In June 1917, New York Governor Charles S. Whitman appointed Van Benschoten to chair a Commission to Investigate the Surface Railroad Commission in the City of New York on the West Side tasked with "ending grade and steam operation on metropolitan streets and modernizing the terminal facilities of the trunk line railroads entering the City of New York." A severe fuel shortage during the winter of 1917–18 further highlighted the problem with relying on waterbound transportation.

The Commission's report of January 1918 blamed "politics, prejudice, personalities, indifference, and incapacity" for stranding coal across the Hudson River in railyards or on the shore of New Jersey:

Having held its closing sessions during the gravest fuel crisis in the history of the city, when millions of people were literally in the death-grip of freezing weather and thousands of tons of coal were ice-bound within sight across the river, the commission had brought home to it in a striking manner the necessity of finding speedy and final relief for the people of the City of New York from dependence upon a system of antiquated terminals and archaic cross-river transportation, under which three-fourths of their freight, including nearly all of their fuel and an essential portion of their food, must be carried by slow and uncertain floats across the Hudson River.

The Commission recommended building at least one railway tunnel under the Hudson, as well as a subway or elevated freight terminal, to be managed by a new Terminal Improvement Commission. The latter measure was blocked by civil servants belonging to New York and New Jersey's existing transport commissions. Additionally, the report's suggestion that a railway terminal would not be the most profitable use of prime land actually hurt the argument for rail transport in central Manhattan. However, its forcible characterizations contributed to the public discourse. The Holland Tunnel, for vehicular transportation between the states, began construction in 1920. The West Side Elevated Line, to end street-level transportation on the West Side, began construction in 1924.

== Religious work ==
Following his parents, Van Benschoten was an active Methodist. He was trustee and legal counsel to the New York City Society of the Methodist Episcopal Church and reportedly thought of himself as "Counselor of the Kingdom of God". He supported Methodist activities and societies and attended the 1920 and 1924 general conferences and the 1921 Ecumenical Methodist Conference at Westminster. He was also President of the Board of Trustees at St. Paul's Methodist Church and President of the New York Methodist Social Union, among other posts.

Van Benschoten strongly supported prohibition enforcement. His address at the 1921 Conference also shows he traveled the battlefields of Belgium and France after World War I and favored general arms control.

Outside of Manhattan, Van Benschoten remained trustee at his then-Methodist alma mater, Syracuse University, as well as Drew Theological Seminary in Madison, New Jersey, now Drew University.
== Personal life ==
On September 21, 1898, Van Benschoten married Harriet E. Paddock of Albany, daughter of Charlotte H. and Major William H. Paddock, a prominent newspaper proprietor. Harriet supported Methodist missionary work and at her death in 1935 was helping manage an elderly care home. The couple had two children:

- Katharine Van Benschoten Cairns Shumway (January 8, 1900 – 1974), wife of George W. Cairns (m. 1926 – his death 1947) and Lowell Shumway (m. 1957)
- William Henry Van Benschoten Jr. (b. August 9, 1901)

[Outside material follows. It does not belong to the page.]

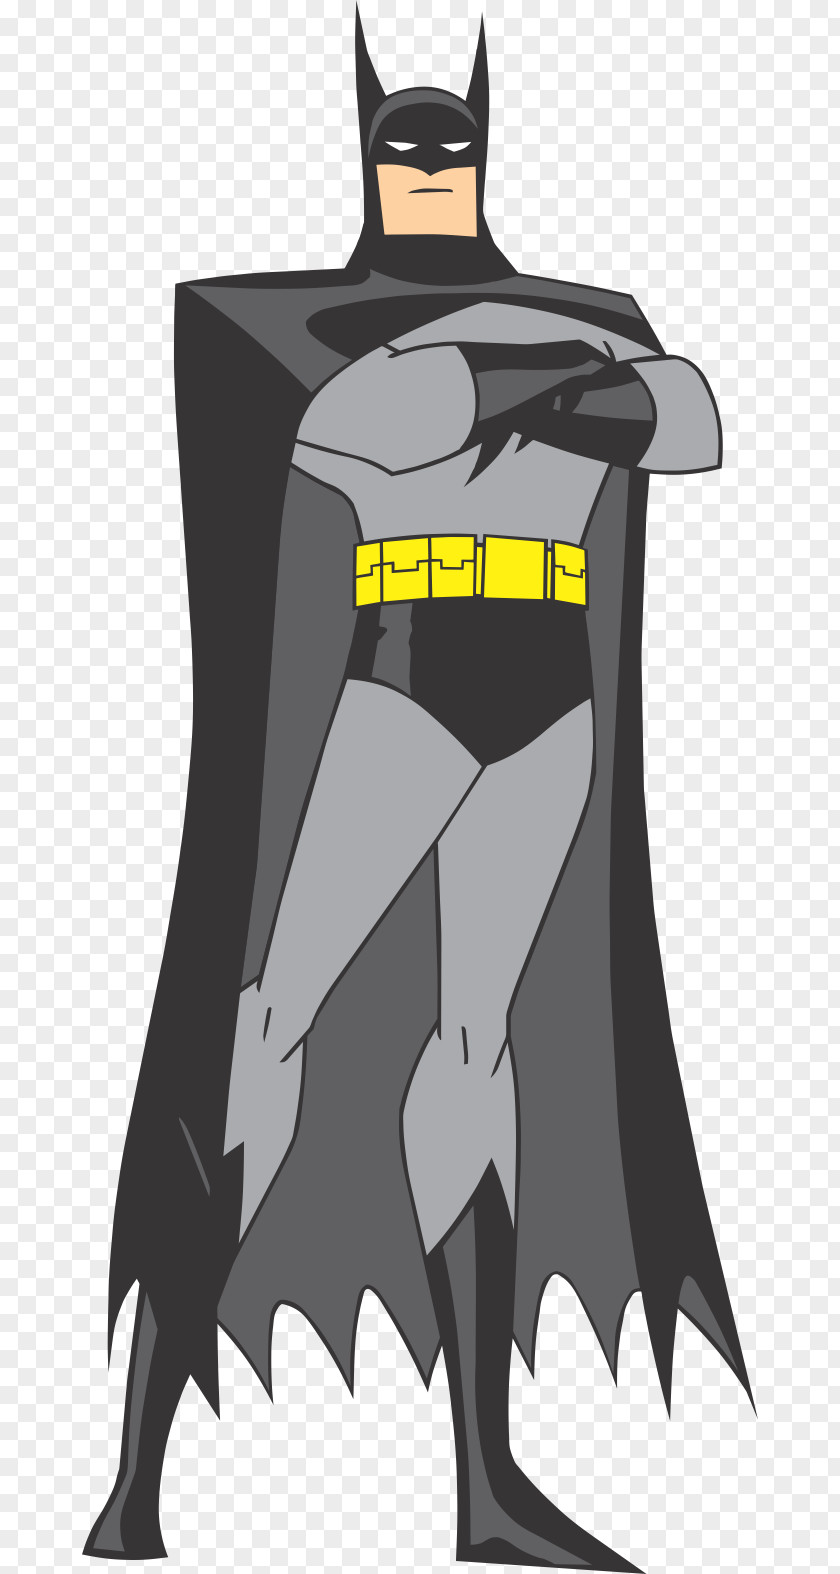 Batman Superman Drawing Superhero Image PNG

Van Benschoten was a member of the Holland Society of New York from 1906 as well as Chicago's Columbia Yacht Club. He also belonged to lawyers' and Republican clubs. The family finally lived at 285 Riverside Drive in the Upper West Side.

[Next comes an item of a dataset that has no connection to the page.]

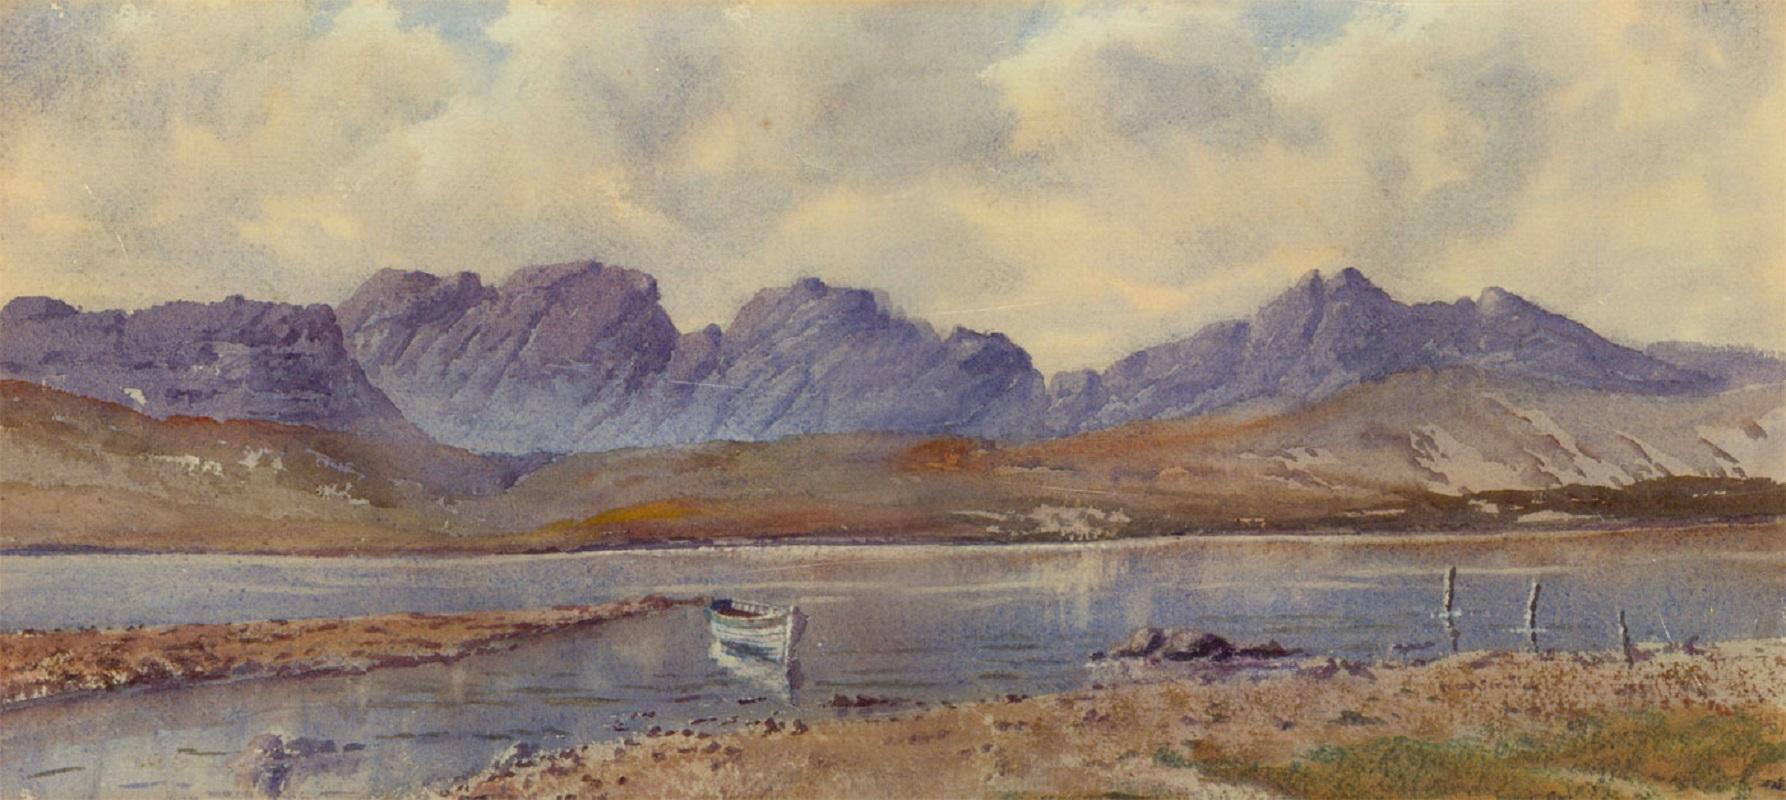 Framed 20th Century Watercolour - Scottish Loch - Art by Unknown

In 1928, Van Benschoten sought treatment for kidney problems from a doctor in Thousand Island Park. He died at his summer home there at 11:30 a.m. on August 11, aged 58. His death was reported in The New York Times, where he was cited as a "well-known lawyer" and a "prominent Methodist Episcopal layman." Funeral services were held on August 14 at St. Paul's Methodist Church. He was buried at Kensico Cemetery in Valhalla.